## Instructions to follow
Answer with the exact lines of the following material from the one containing "Return to Balance with Irene Ais" through the one containing "Tufi resort snorkeling", both end lines included.

## Task input
......

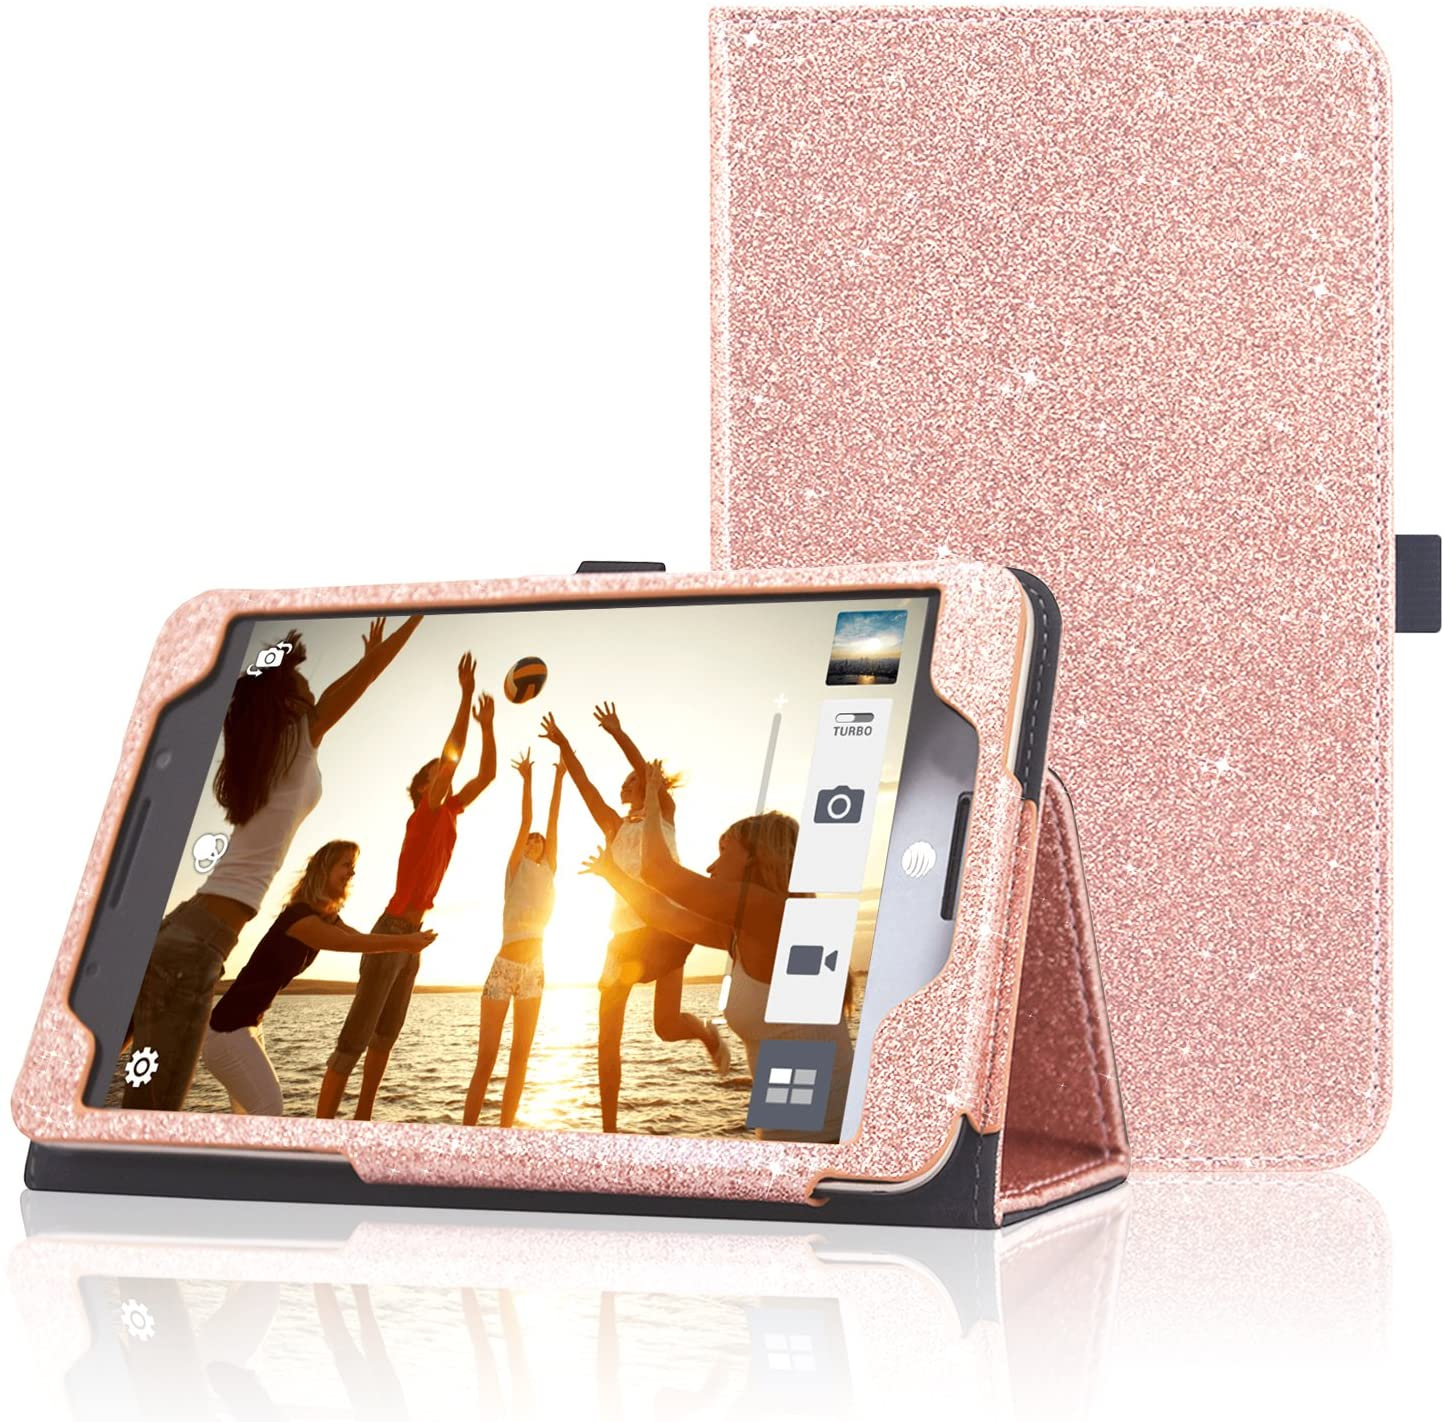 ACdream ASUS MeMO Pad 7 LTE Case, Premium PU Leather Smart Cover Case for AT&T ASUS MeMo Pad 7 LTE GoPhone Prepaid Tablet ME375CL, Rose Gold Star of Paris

......

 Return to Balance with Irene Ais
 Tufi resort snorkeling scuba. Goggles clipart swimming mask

......

## Written solution
 Return to Balance with Irene Ais
 Tufi resort snorkeling scuba. Goggles clipart swimming mask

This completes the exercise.